The best use of corporate volunteers

  • Corporate volunteers donate their time and skills to charities during business hours
  • Team-building challenges can help organisations transform their surroundings.
  • We look at how skills-based volunteering can benefit organisations, charities and the volunteers themselves

Does your community centre or charity use corporate volunteers? From activity days to long-term skill sharing, organisations, charities and the wider community can really benefit from employee volunteering.

In the lead up to the 2015 election, David Cameron pledged his government would offer up to 15 million workers three days paid leave a year for volunteering. Experts warned that this could cost the public sector up to £1bn to cover staff absences.

These plans have since stalled, and a new government may have other ideas about how best to support charitable ventures. However, many organisations across the UK are nonetheless enthusiastic about staff volunteering.

Corporate or Employer Supported Volunteering (ESV) programmes enable staff to donate their time and skills during work hours to local non-profit organisations.

Community Interest company Employee Volunteering has found that 89% of charities believe their work would not have been completed without volunteers and 97% of volunteers develop strong teams as a result of their charity involvement.

Employee volunteering helps businesses connect with, and contribute to, local communities, showing their commitment to community investment.

It also helps to build staff morale and develop skills. For charities, it can be a vital source of labour and expertise.

The Chartered Institute of Personnel and Development (CIPD) researched the impact of employee volunteering. Its report Volunteering to Learn shares learning points for companies and recipient organisations to help them devise programmes that deliver results for both parties.

The report includes a skills matrix, which is a useful starting point for organisations starting to think about the types of roles they could offer.

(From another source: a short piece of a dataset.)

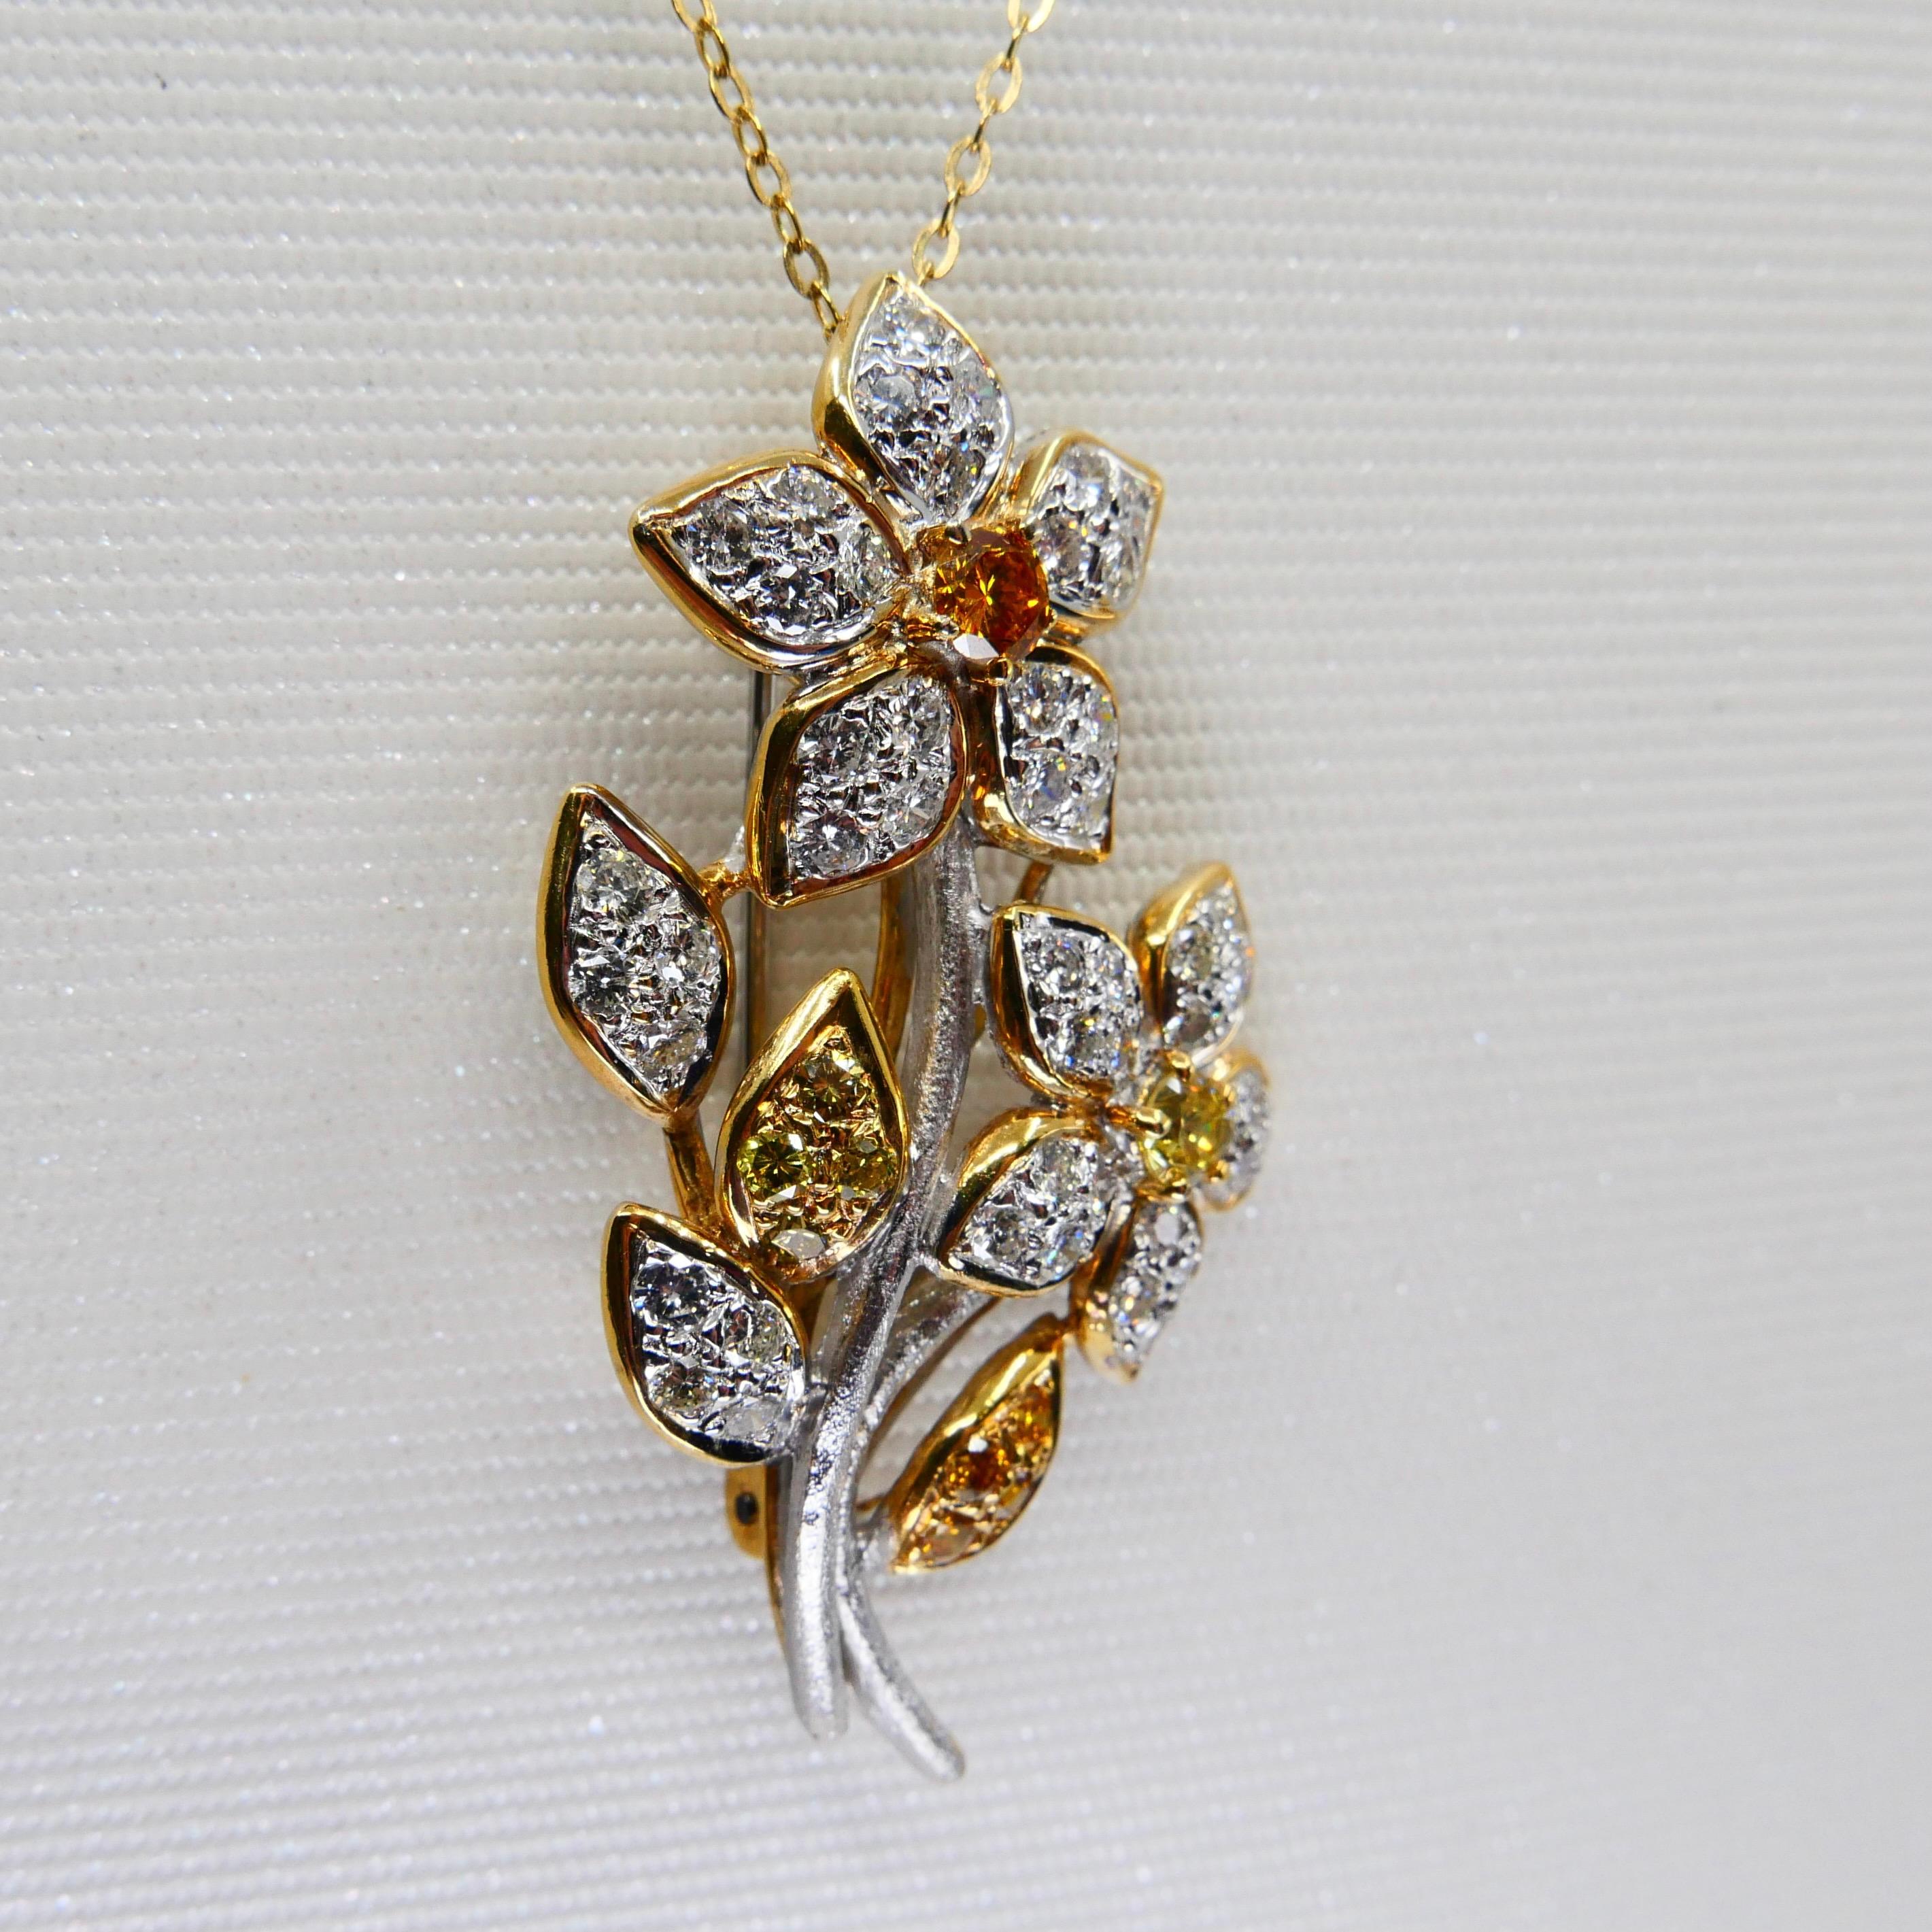 18K Gold, White and Fancy Yellow Color Diamond Flower Brooch Pendant, Two Use For Sale 4

Volunteering as team building

The common view of corporate volunteering is as a team building exercise. Traditionally, this involves a team doing something physically challenging, which actively makes a difference in one day. This could be renovating a garden, painting walls or clearing a towpath.

For charities with buildings that need maintaining, this support is vital. For example, the grounds and retail operations at Haven House Children’s Hospice benefited from the time donated by 262 volunteers from 18 companies in 2015. It actively promotes corporate team building days on its website.

Our own marketing team at Zurich recently helped local charity Path Hill Outdoors, with over 70 volunteers completing a variety of tasks, such as creating a sensory garden, painting outbuildings and building an outdoor seating area, hugely benefitting the charity.

Many organisations charge corporate teams for these events in order to cover their costs.

Skills-based volunteering

Volunteering programmes where staff from companies share their professional skills can be more time-consuming to administer, but can bring greater benefits.

Corporate staff lend their support over a longer period of time, using expertise from their work lives to support the charity. This brings in experience which would otherwise be prohibitively expensive.

Volunteers may become mentors, run training sessions, or give pro bono support in business planning, HR, marketing, finance or on legal matters. Volunteers may give their time to support staff and/ or beneficiaries. This page from Community Links lists the types of roles they promote.

Organisations may also recruit trustees from their bank of corporate volunteers. This long-term commitment is an opportunity for the volunteer to give even more of their time and expertise to the organisation.

Recruiting volunteers

To recruit corporate volunteers, charities may join existing programmes (such as those run by Business in the Community or those run by large corporates themselves.

For example the Zurich Community Trust runs different programmes to help our employees give their time and skills to partners in the UK and India.

Charities may also recruit volunteers via their own direct relationships with local businesses or use a broker.

For example, Octopus Communities in London works with the Big Alliance to identify corporates who would be willing to share their professional expertise with community centres.

Through them, they have recruited volunteers who have worked as mentors and coaches. These volunteers have helped staff at the centres develop their processes and planning, and to look at sustainability and resilience.

There are a number of volunteer brokers across the country to help companies find the ideal charitable work for their employees and for charities to access additional help.

Promoting and thanking volunteers

Recognising and publicly thanking volunteers helps to build a sense of community.

St Hilda’s East Community Centre promotes and thanks its corporate volunteers on its website, and gardening charity Thrive includes quotes from previous volunteers on its site. Meanwhile, Haven House Children’s Hospice uses social media to thank its volunteers.